Ицхак Мерас
Полчаса в незнакомом доме
Война, война, думал я про себя, ну так что, разве уж так важно, что творится вокруг?
До сих пор не знаю, как все это случилось, словно во сне, а може, и был это сон на самом деле. Не то велел мне кто, не то попросил меня зайти в тот дом, хотя и не ведал я, чего иду, и к кому иду, и зачем — просить ли, брать или давать. Хотя, признаться, словно чувствовал, словнo понимал, куда иду и зачем.
И таки пошел я, хотя и не вспомню — как. Не пешком шел и ехать не ехал, словно по ступенькам каким-то взбирался.
Очутился я в прихожей, там серый свет из длинных окон падал, а может, электрические лампы светили по углам, но уж очень запыленные, видно, они были, ибо странным все казалось кругом: какие-то одежды бесцветные на одной стене, старинный резной буфет у другой, изогнутым верхом накренившийся, одним стеклянным глазом зло поблескивающий. Другой глаз, средний, матовой пленкой затянувшийся, словно слепец. Третий — черной бездной раскрывшийся от любопытства, как и я.

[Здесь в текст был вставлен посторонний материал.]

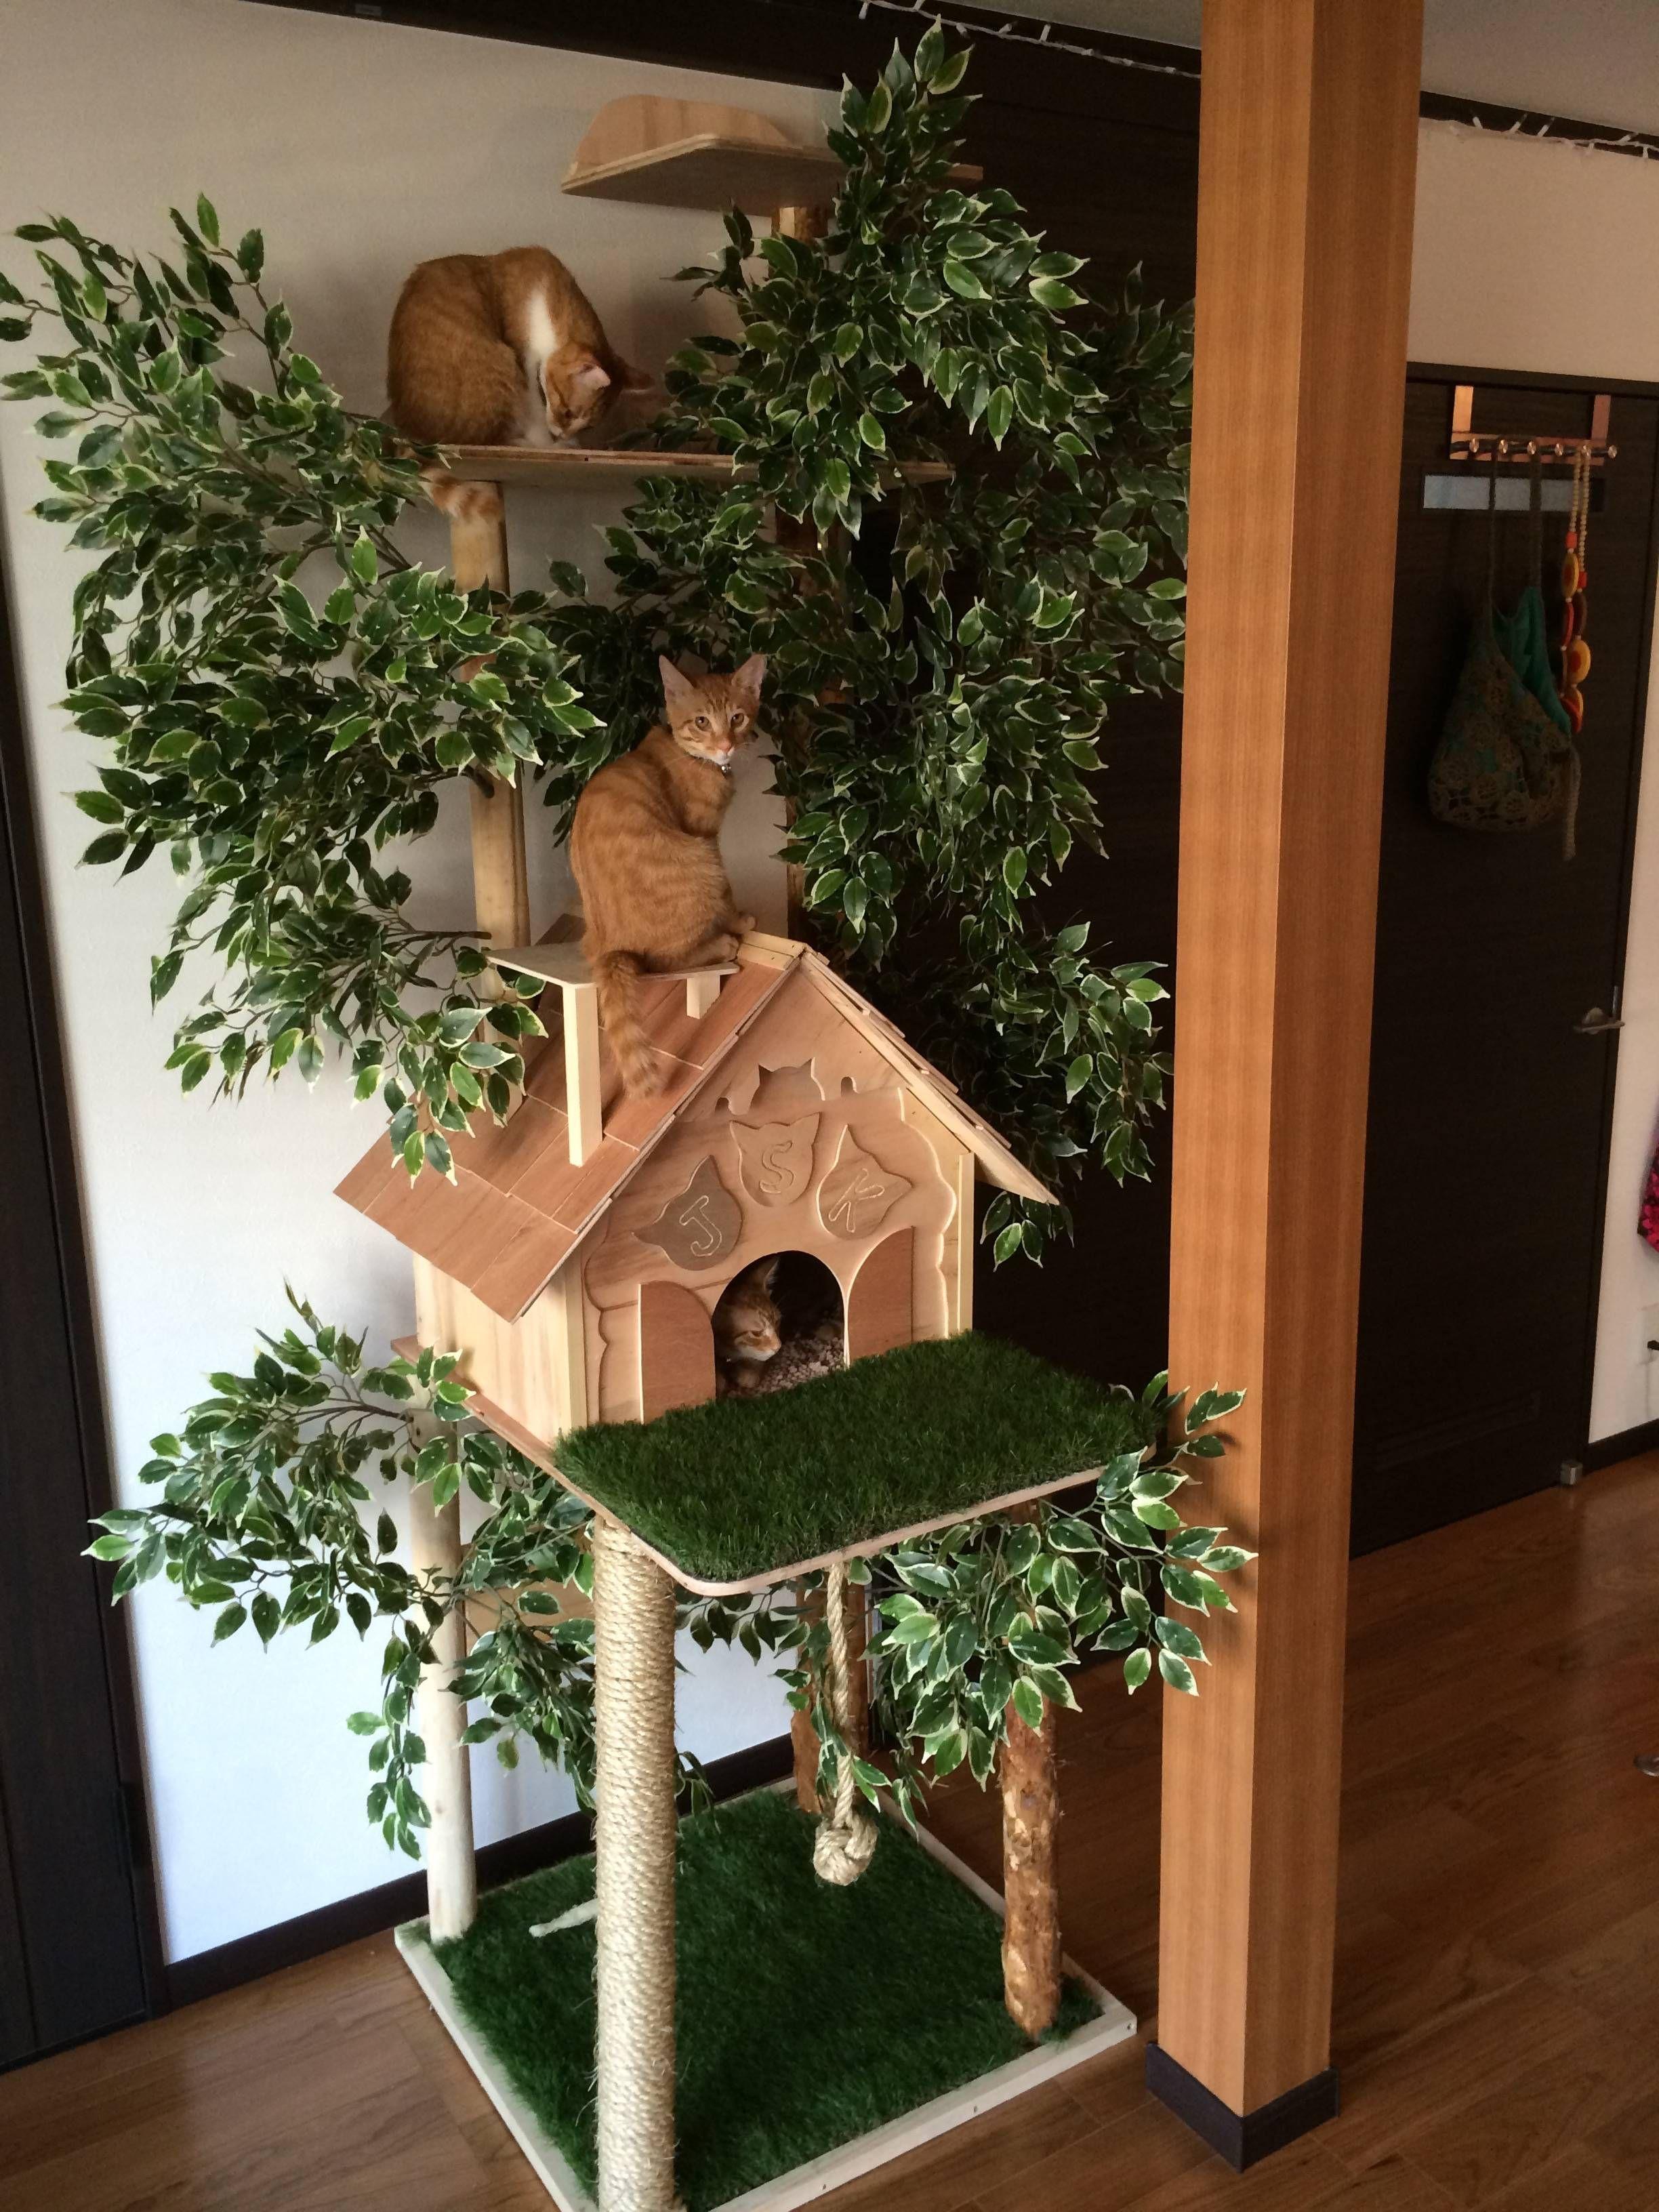 Making A Natural Looking Cat Tree Diy Cat Tree Cat House Diy Cat Tree Designs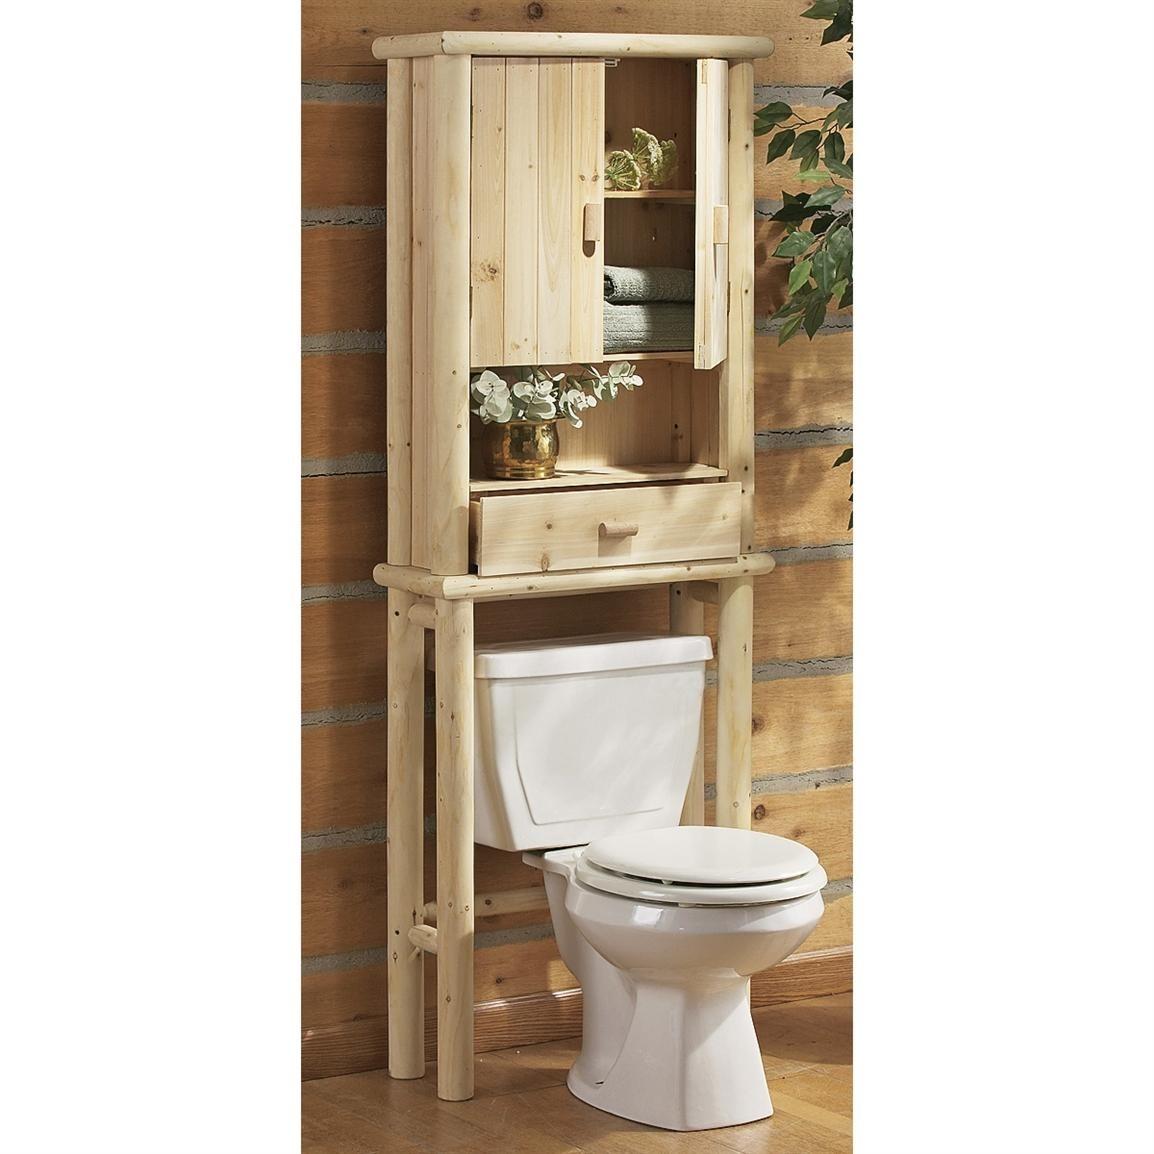 Merveilleux Storage Over Toilet 2

И пол — не то деревянный, не то из камня — через серый туман еле различимый, жесткий, гнетущий.
Война, война, думал я про себя, разве так уж важно, что творится вокруг.
Тихо было, как в гробу, не появлялся никто, неужто не позвонил я у входа, но все равно никто не показывался, и я попытался представить себе, разглядеть в этом блеклом свете прихожей женщину, которой я был нужен.
И замелькали, пронеслись видения жуткие, хотя и утешал я себя: и красива она, и не стара, и привлекательна, но туманные видения по-своему сменяли друг друга — промелькнула старуха с усохшим телом и поблескивающим левым глазом, зрелая девица с толстыми, как колоды, ногами, пухлая рука, рыжие волосы, боязливое белое лицо, прячущееся от посторонних взглядов.
В это время мужчина в прихожую вбежал. Светловолосый, в очках, небольшой такой мужчина. Он торопливо оглядел меня, мимо промчался, опустив голову, к стенке, вздувшейся бесцветной одеждой, прислонился, затем вернулся, и застыдился я в глубине души, застыдился того, зачем пришел. Не ждал я мужчину, меня встречающего, ведь вроде бы женщина должна была меня ждать. И утешал я себя, и убеждал я себя — может, не мужчина он вовсе, может, к жене его пришел. Может, он сам и вызвал меня.
Все же я пробормотал что-то, извиняясь.
Или так только почудилось.
Ибо не почувствовал я, чтобы губы мои шевельнулись, и звука никакого ушами не услышал.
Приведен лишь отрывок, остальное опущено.